Once more, an articulate Southern policy intellectual dominated the nation's airwaves, holding forth on how he would change government and society. Only this time it was newly elected House Speaker Newt Gingrich who was garrulously generating antimatter.

With Americans still anxious about their jobs and living standards, Gingrich's agenda imperiled popular programs, including Medicare, Medicaid, and student loans. Meanwhile, the congressional Republicans' anti-government crusade seemed as insensitive as conventional Democratic liberalism to public anxieties that the social fabric is unraveling.

In the aftermath of the Oklahoma City bombing, Clinton re-emerged not as an overly articulate adolescent but as a youthful father figure, condemning extremists, defending adult authority on issues from school uniforms to TV violence, and splitting the difference with social conservatives on issues from school prayer to affirmative action. Clinton emerged as the most sympathetic face of the baby-boom generation, the hard-pressed provider caring for the young and the old.

The congressional battles of 1995 left Clinton well-positioned to take on his inevitable opponent in 1996, Senate Republican leader Dole. At his best, Dole has presented himself as an anti-Clinton -- tested by hard times, military service, and recovery from war wounds, painfully plain-spoken, and awkward at the podium, and, implausibly for a quintessential critic of Washington, a harsh critic of government.

But Dole's nomination acceptance speech, with its image of himself as a "bridge" to a bygone "America that only the unknowing" see as "myth," left him vulnerable to attack as a figure not of middle American integrity but of sheer nostalgia. In his own acceptance speech, Clinton seized Dole's metaphor, presenting himself as a "bridge to the future," not the past.

All this leaves Dole diminished, less than the sum of his own potential appeals or Clinton's antimatter. Still, a re-elected Clinton will once again face the doubts he generates in a nation whose social and economic anxieties are likely to re-emerge after this year's campaign becomes a hazy memory.

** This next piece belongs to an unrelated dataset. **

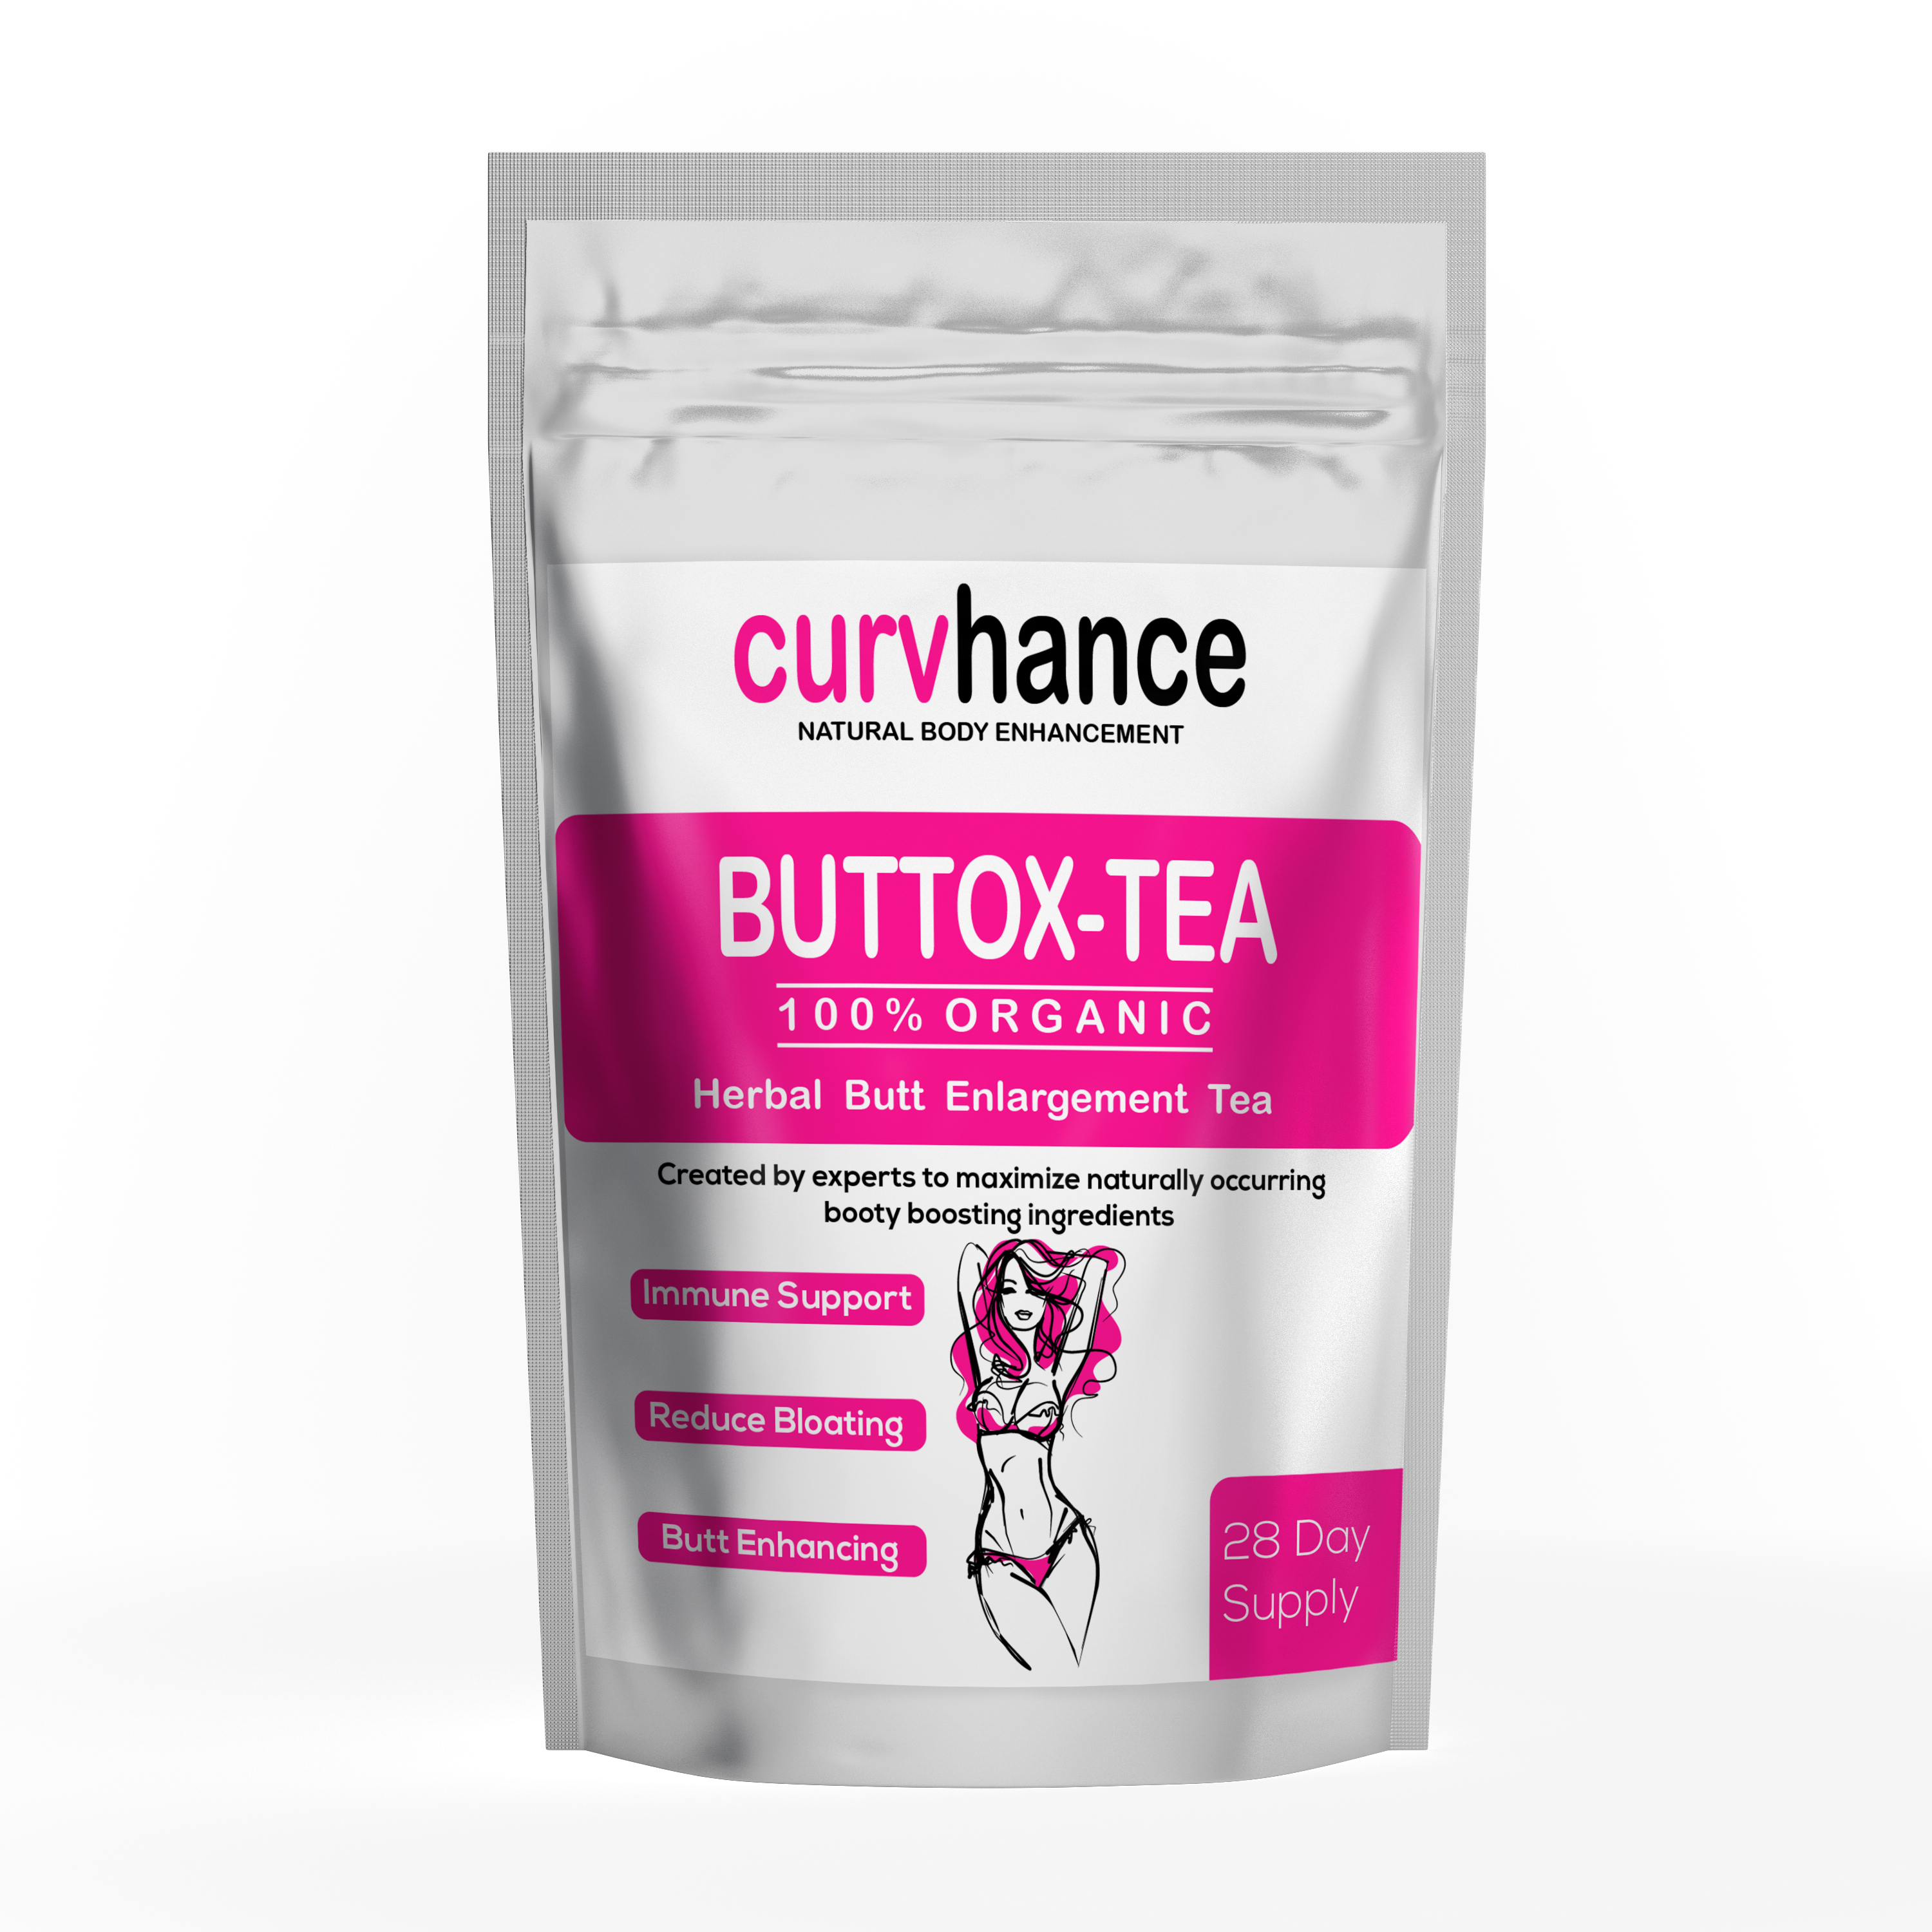 Shop curvhance Buttox-Tea online in USA at curvhance.com.

Can Clinton find a way to lift living standards and heal the divides among a comfortable elite, an anxious middle class, and the increasingly isolated and alienated poor? The president who presents himself as "a bridge to the future" will need all of his talents of persuasion and conciliation to be, in the words of that baby-boomer anthem, "a bridge over troubled waters" as well.

David Kusnet was chief speech writer for President Clinton from 1992 through 1994. He is the author of "Speaking American: How the Democrats Can Win in the Nineties" and a visiting fellow at the Economic Policy Institute.